Menanti Kiprah Ketua KPK

Dimuat di Jagongan, Harian Jogja, 5 Desember 2011 


Setelah melalui masa seleksi dan fit and proper test yang panjang, akhirnya komisi III DPR RI memilih Abraham Samad sebagai ketua baru KPK. Aktivis Anti Coruption Comitte (ACC) asal Makassar ini memperoleh 43 suara dari 56 anggota dewan. Hasil ini mengejutkan mengingat pada fase pengerucutan dari delapan calon yang disaring menjadi empat, sempat bersaing ketat dengan Bambang Widjajanto yang lebih populer. Selain itu, ketua PPATK, Yunus Husain justru tidak termasuk pimpinan kolektif kolegial KPK yang baru masa karya 2011-2015. Tokoh lain yang terpilih memimpin KPK ialah Zulkarnain (latar belakang jaksa), Adnan Pandu Praja (advokat), dan Busyro Muqqodas (akademisi dan pendiri Pusham UII). 

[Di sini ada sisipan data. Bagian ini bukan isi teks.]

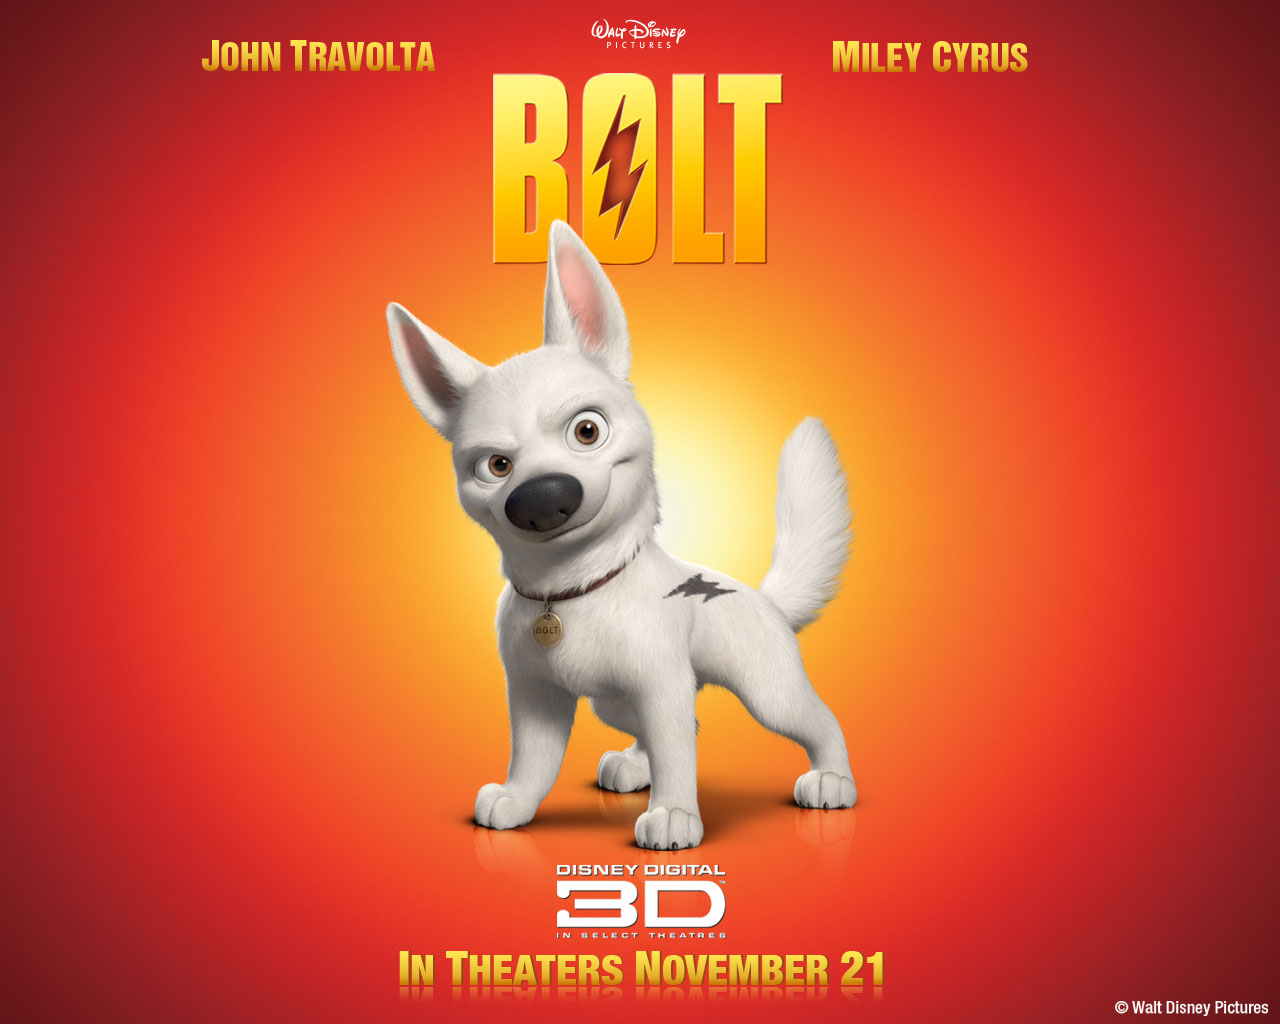 "Bolt" desktop wallpaper number 1 (1280 x 1024 pixels)

Kini publik akan menanti janji Abraham yang lantang akan mundur dengan sendirinya, jika masa satu tahun tak mampu tuntaskan kasus Century. Beberapa terobosan yang dijanjikan ialah akan merekrut penyidik independen berasal dari kampus atau kalangan profesional ketimbang dari kejaksaan atau kepolisian. Tentunya khalayak mengharapkan tanpa mengesampingkan kedua, karena sejatinya KPK ialah lembaga ad hoc yang dibuat ketika kepercayaan rakyat turun pada polisi dan jaksa khususnya dalam memberantas korupsi. Perlu diingat lembaga ad hoc dapat dibubarkan kapan saja jika dua otoritas hukum menunjukkan kinerja baik dengan banyaknya koruptor dijerat. Maka skala prioritas yang dicanangkan ketua KPK baru semoga tak diukur dari kasus yang diekspos media massa, sehingga jika KPK menanganinya akan menaikkan citra. Tetapi parameternya ialah pada skala kerugian negara atau fokus pada pemberantasan korupsi kelas kakap. Cukuplah penjahat kelas teri ditindak kepolisian dan jaksa. Ditermin lain yang menjadi titik perhatian ialah, KPK harus memperkuat sisi pencegahan terjadinya korupsi dengan kampanye aktif dan mengadvokasi rezim dengan menggandeng masyarakat sipil khususnya LSM yang fokus melawan kejahatan extraordinary ini. 

Karena selama ini KPK lebih banyak melakukan penyidikan, artinya ketika terjadi kasus korupsi barulah lembaga superbody ini bekerja. Langkah pencegahan ini dapat konkrit dilakukan dengan menerapkan pasal 19 nya dalam UU KPK untuk membuka perwakilannya di daerah. Tidak harus ada secara fisik gedung KPK, tetapi KPK dapat mengirimkan anggotanya untuk turut serta dalam pembahasan RAPBD atau rancangan UU lain di daerah. Kiat ini akan semakin memperteguh kehadiran KPK tak hanya di pusat pemerintahan tetapi juga di level daerah yang rawan korupsi. Semoga Abraham Samad dapat melakukannya. Berantas korupsi, harga mati.